Hellen buru-buru merogoh handphone-nya yang bergetar. Pesan baru dari kenalan ayahnya. Dia melampirkan artikel yang Hellen butuhkan. Tidak disangka dia mengerjakan permintaan Hellen dalam waktu secepat ini. Kerja bagus.

"Permisi sebentar, Miss Asha. Ada yang ingin saya bicarakan dengan Watson empat mata," ucap Hellen sopan, menyeret pemilik nama ke tepi. "Kenapa cosplay jadi patung, heh? Aku tahu Miss Asha itu cantik, tapi beliau sudah beranak dan umurnya terpaut jauh darimu."

"A-apa sih. Bukan seperti itu. Dia membuatku tidak nyaman. Itu saja kok." Watson berdeham, agak khawatir Hellen menebak isi pikirannya. "Jadi, kenapa? Wajahmu terlihat serius."
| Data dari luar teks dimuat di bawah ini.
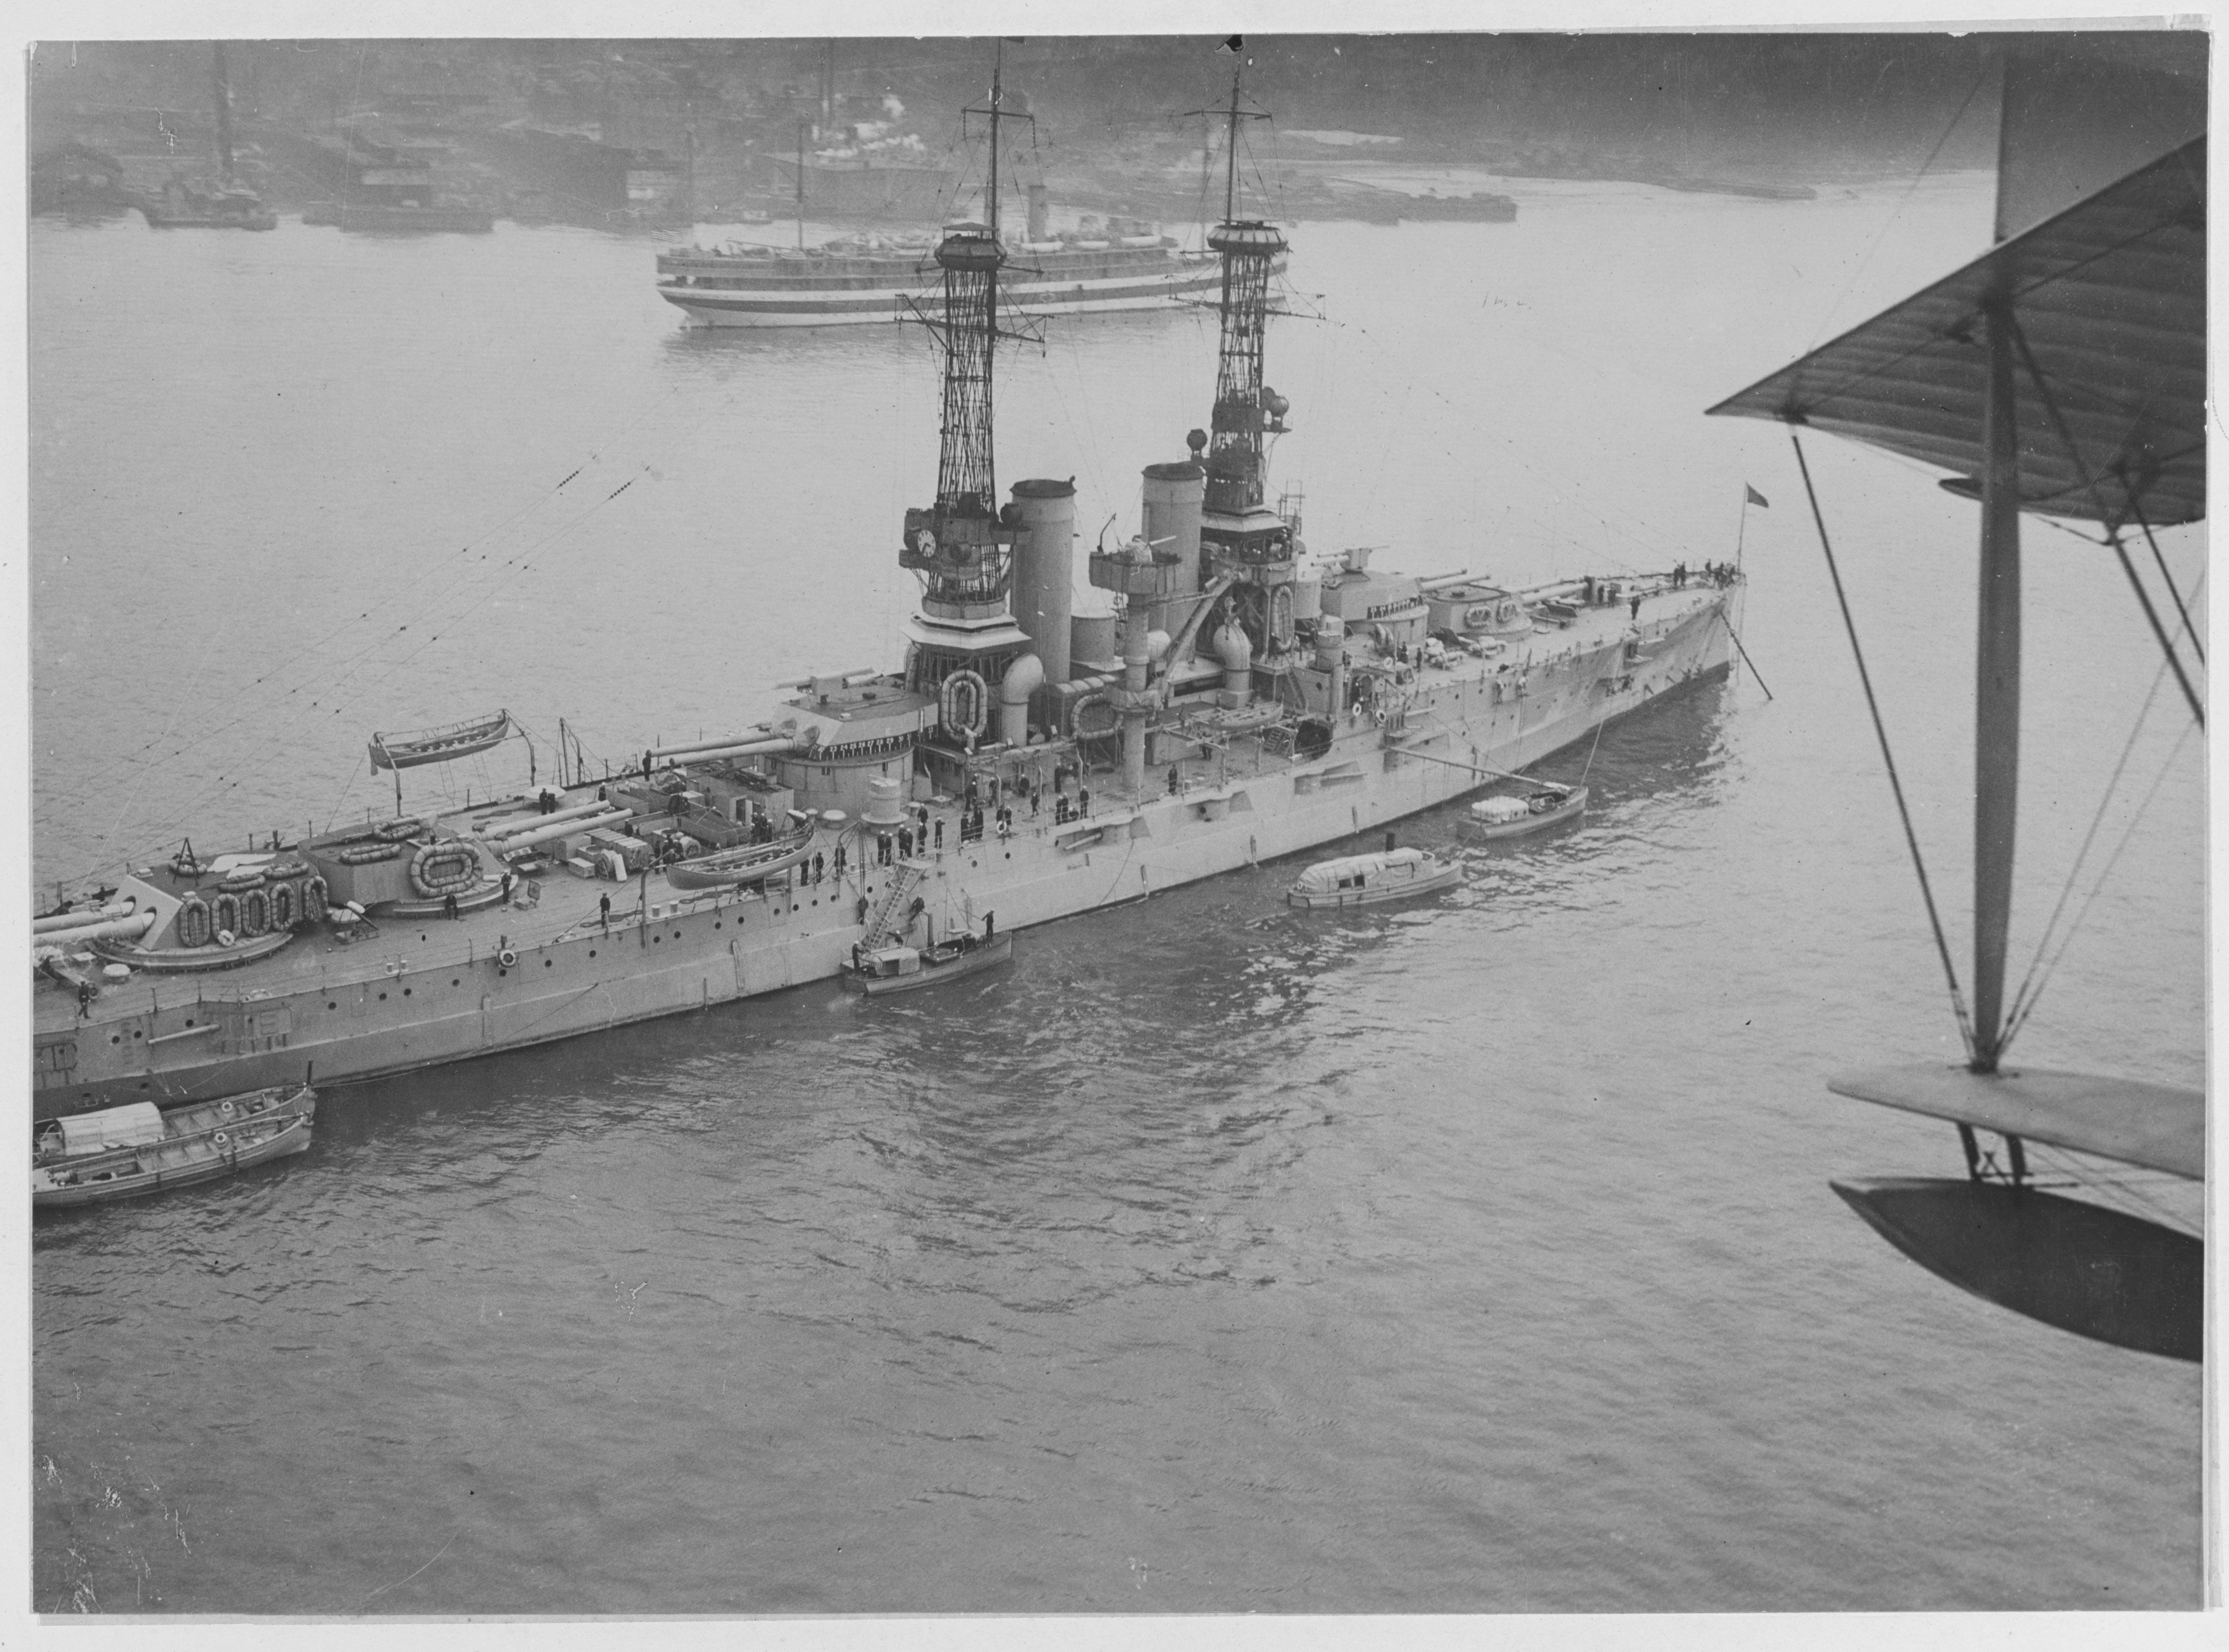 生活 日常 各种舰船相关的杂图第四十二期1919年佛罗里达号战列舰航拍
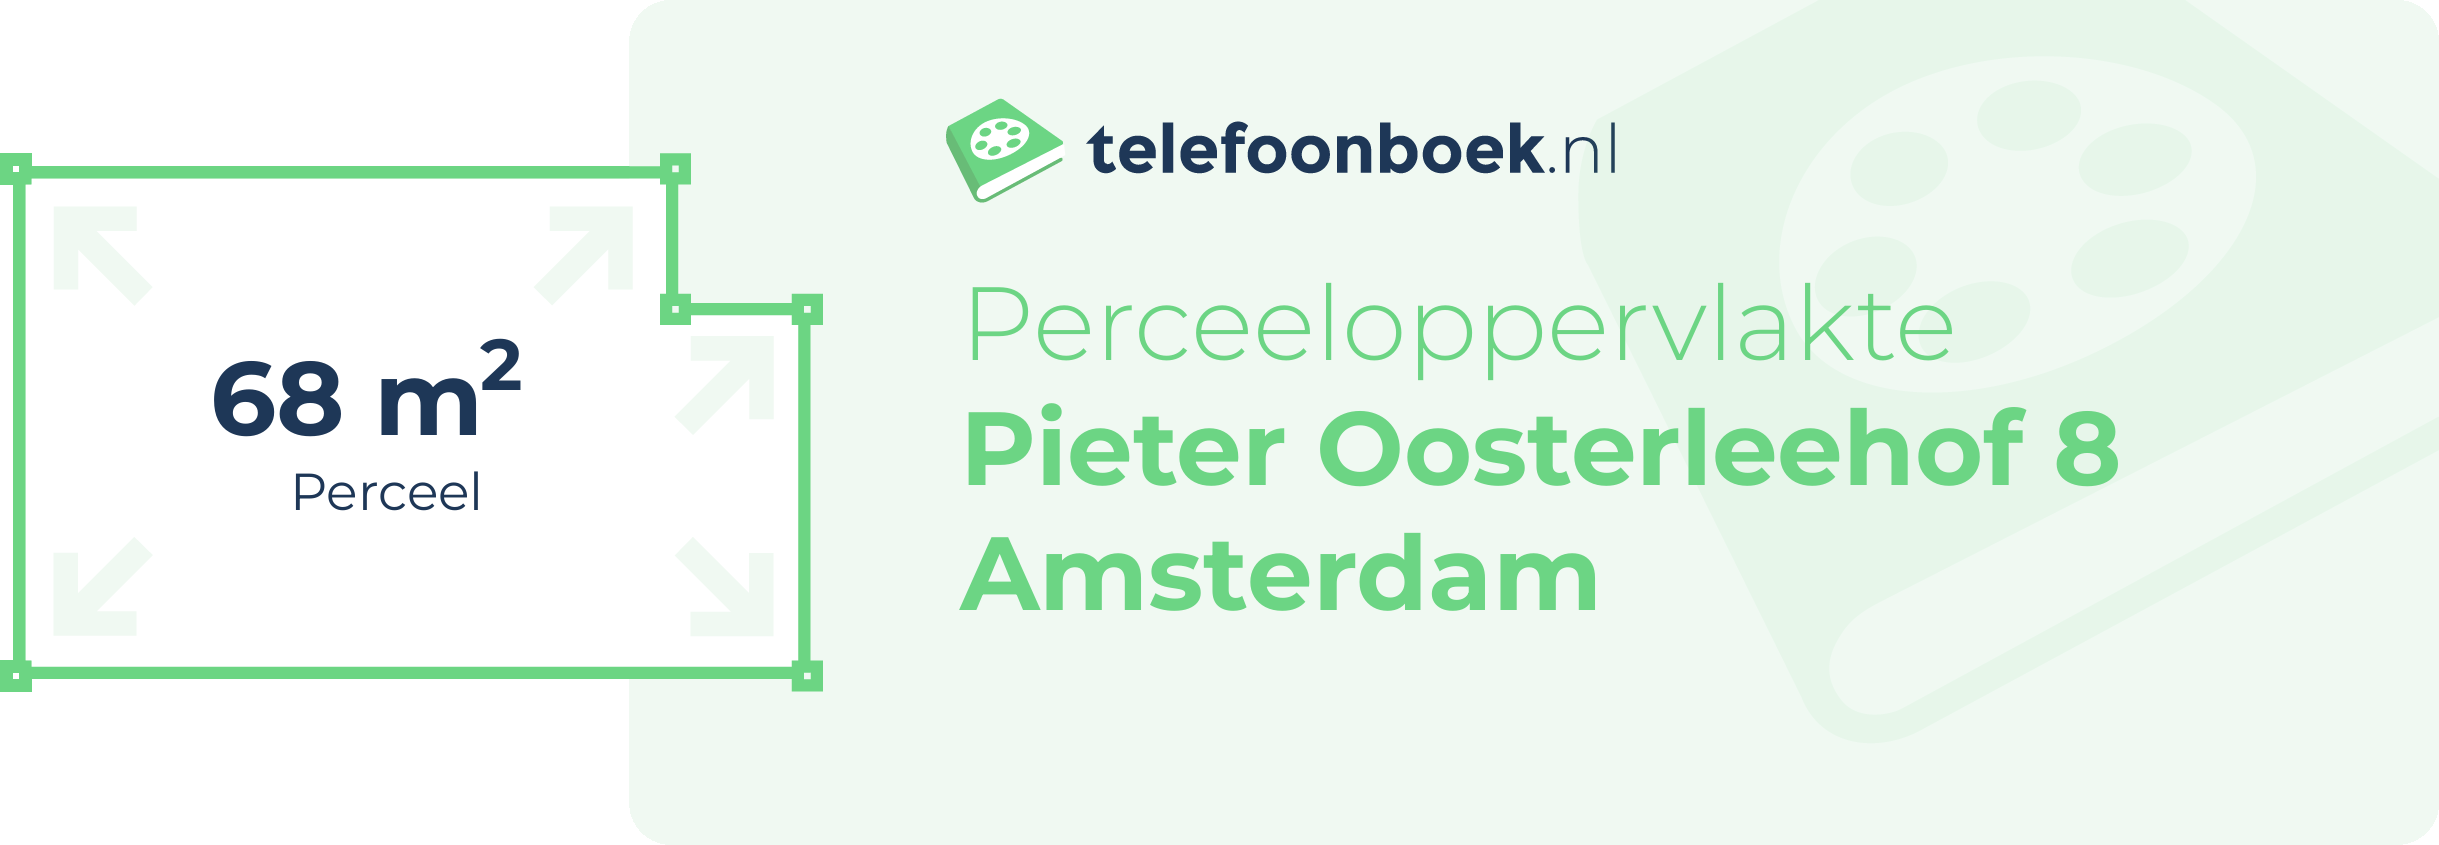 Perceeloppervlakte Pieter Oosterleehof 8 Amsterdam

"Ayahku memiliki seorang informan. Walau tidak sejitu mendiang Violet, kemampuannya tak bisa dianggap remeh. Aku meminta tolong mencari latar belakang Miss Anjalni padanya."

"Kenapa dengan biodata Miss Adine? Stern, harusnya kamu bantu aku memikirkan cara korban terbunuh. Apakah ditikam atau dipukul. Apalagi forensik tak kunjung-kunjung datang."

Watson paling kesal ketika disambut dinding kebuntuan. Rasanya dia akan memakai segala macam perkakas seperti palu, tongkat, atau apalah untuk menghancurkan dinding tersebut.

"Mungkin dipukul kali, ya?" celetuk Aiden, ternyata ikut menyempil di antara mereka.

"Kenapa kamu berpikir demikian?"

"Habisnya dia memecahkan kaca, kan? Angin pun masuk dan membuat darah di dinding kering lebih cepat daripada di lantai supaya kita keliru menafsirkan penyebab kematian."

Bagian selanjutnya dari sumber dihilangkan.